'''

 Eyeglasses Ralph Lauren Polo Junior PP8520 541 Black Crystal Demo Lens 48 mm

'''
'''

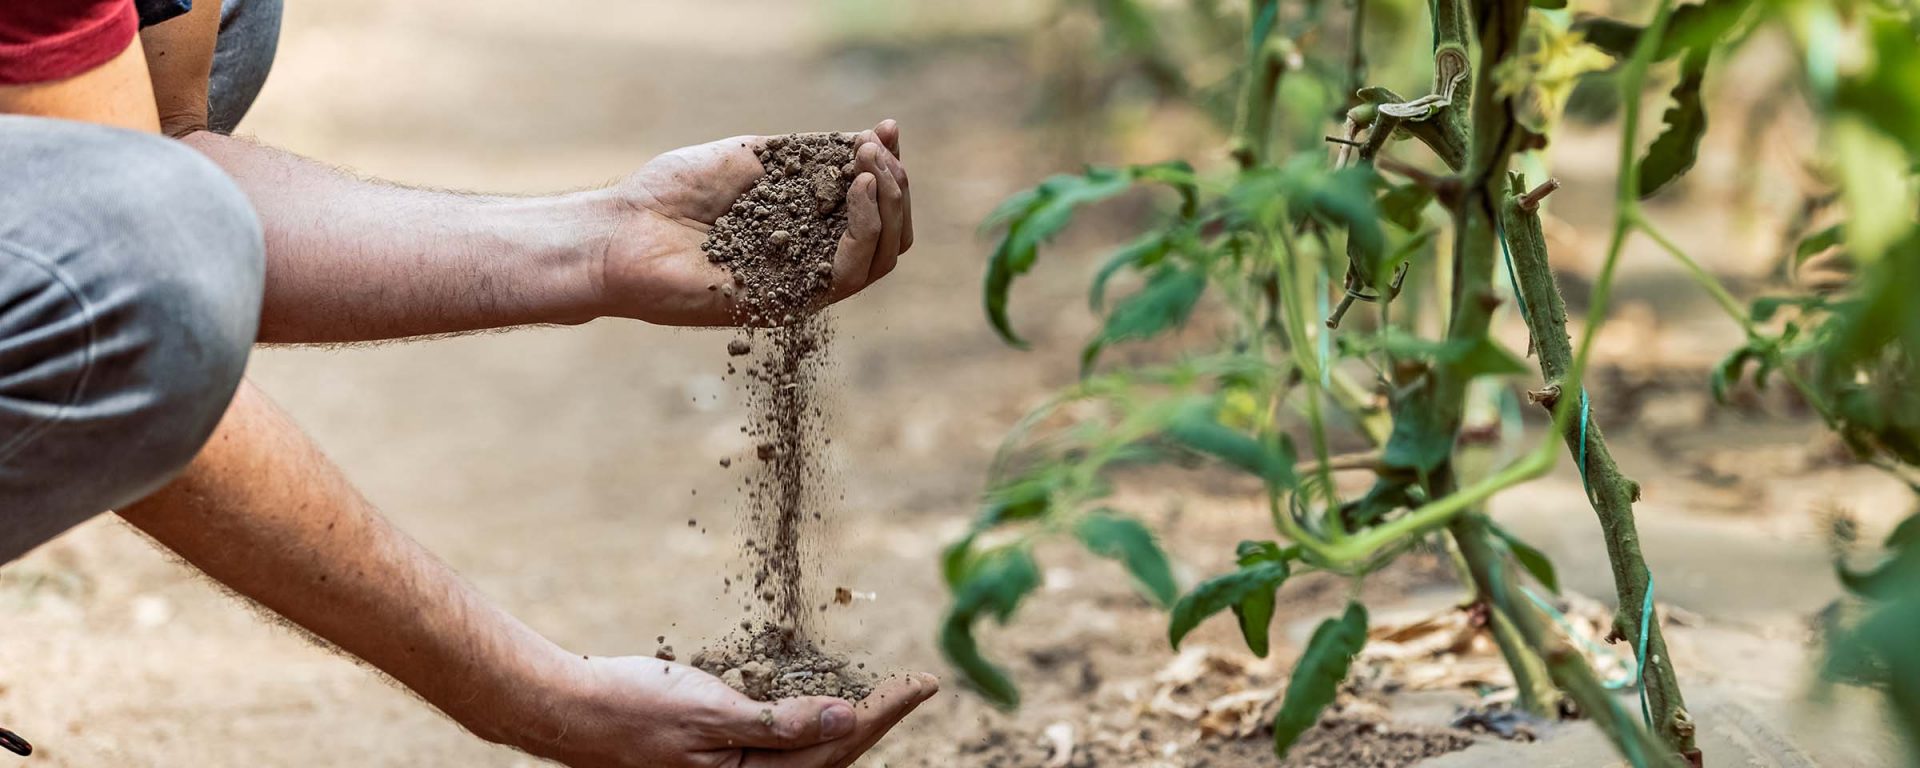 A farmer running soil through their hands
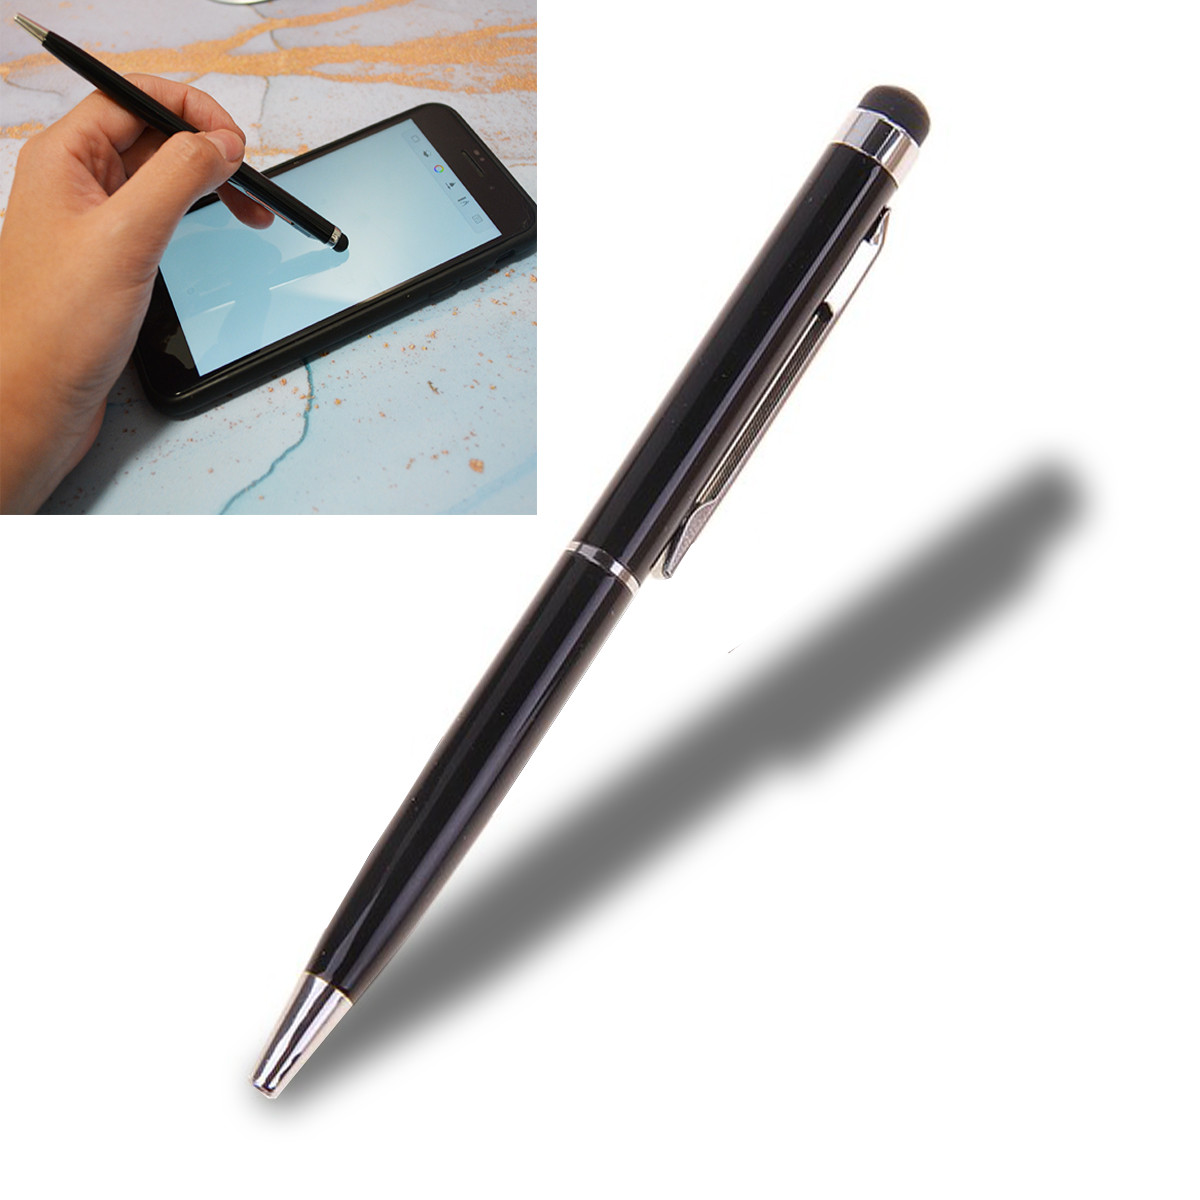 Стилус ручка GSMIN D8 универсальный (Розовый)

'''
'''

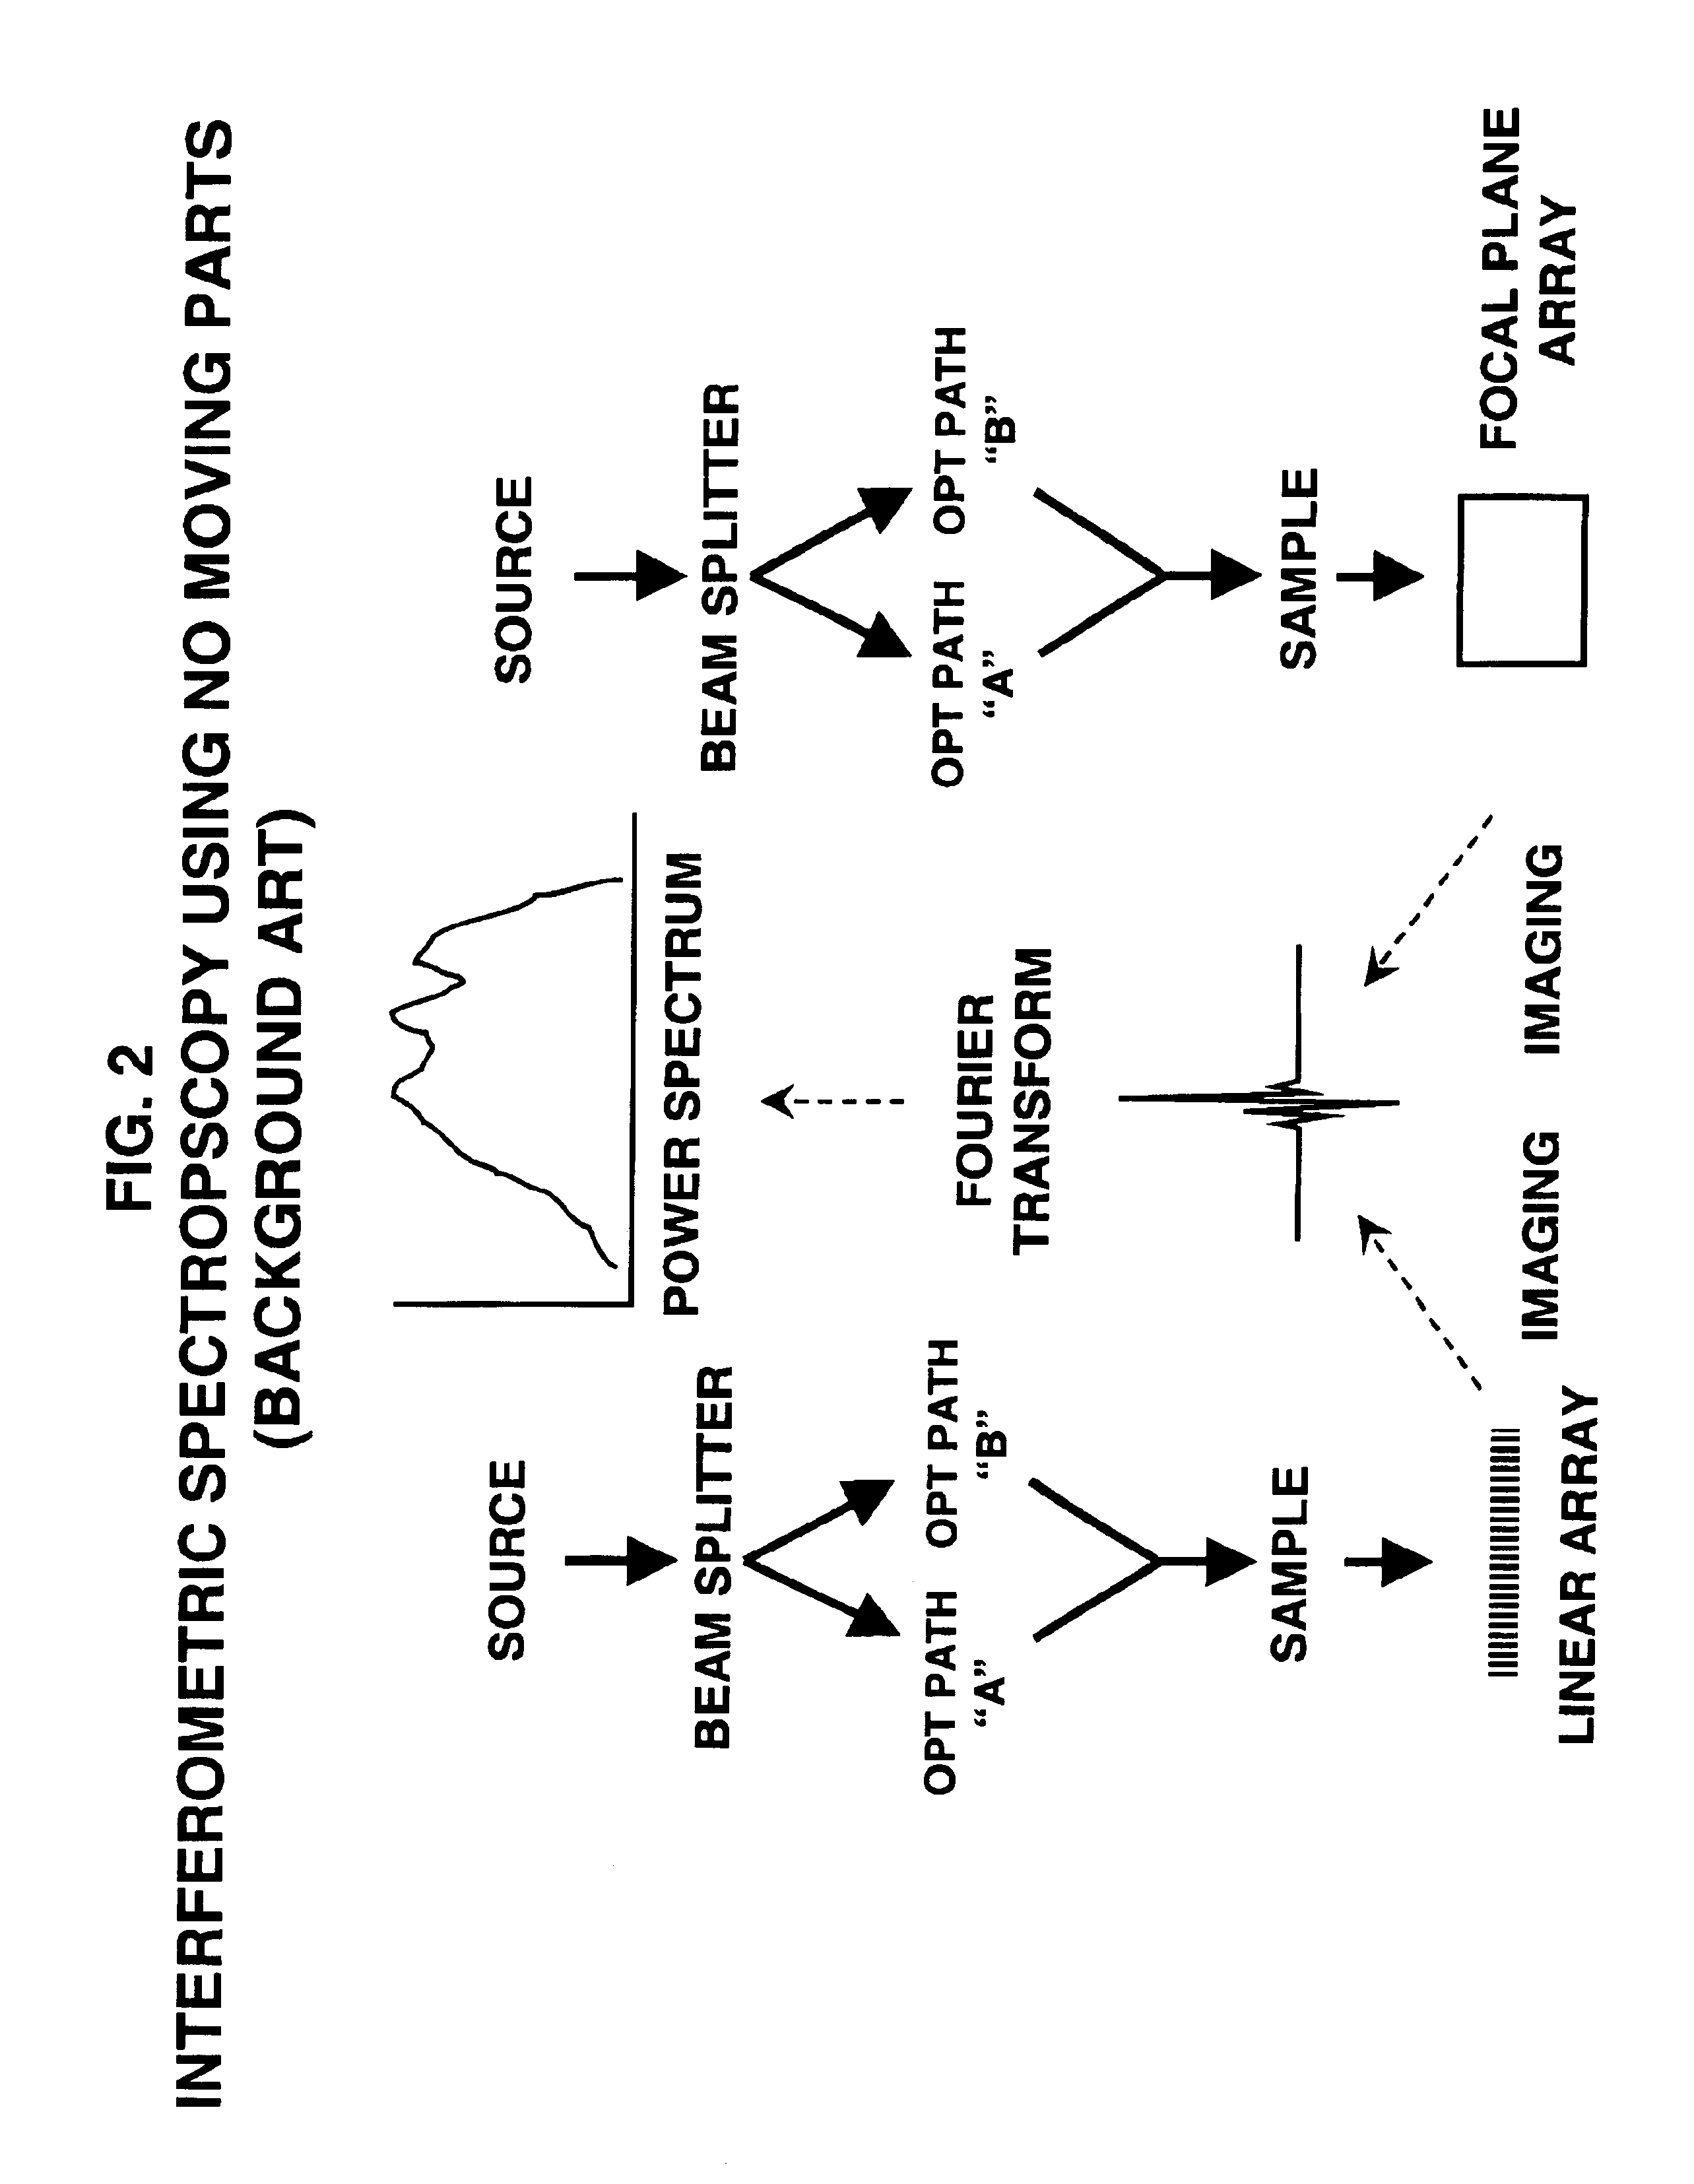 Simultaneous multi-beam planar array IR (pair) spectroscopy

'''

--- WHAT YOU SHOULD DO ---
Could you output exactly the lines above, from the line with "A farmer running soil through their hands" up to and including the line with "Стилус ручка GSMIN", and nothing else, skipping the pictures?

--- WRITTEN REPLY ---
 A farmer running soil through their hands
 Стилус ручка GSMIN D8 универсальный (Розовый)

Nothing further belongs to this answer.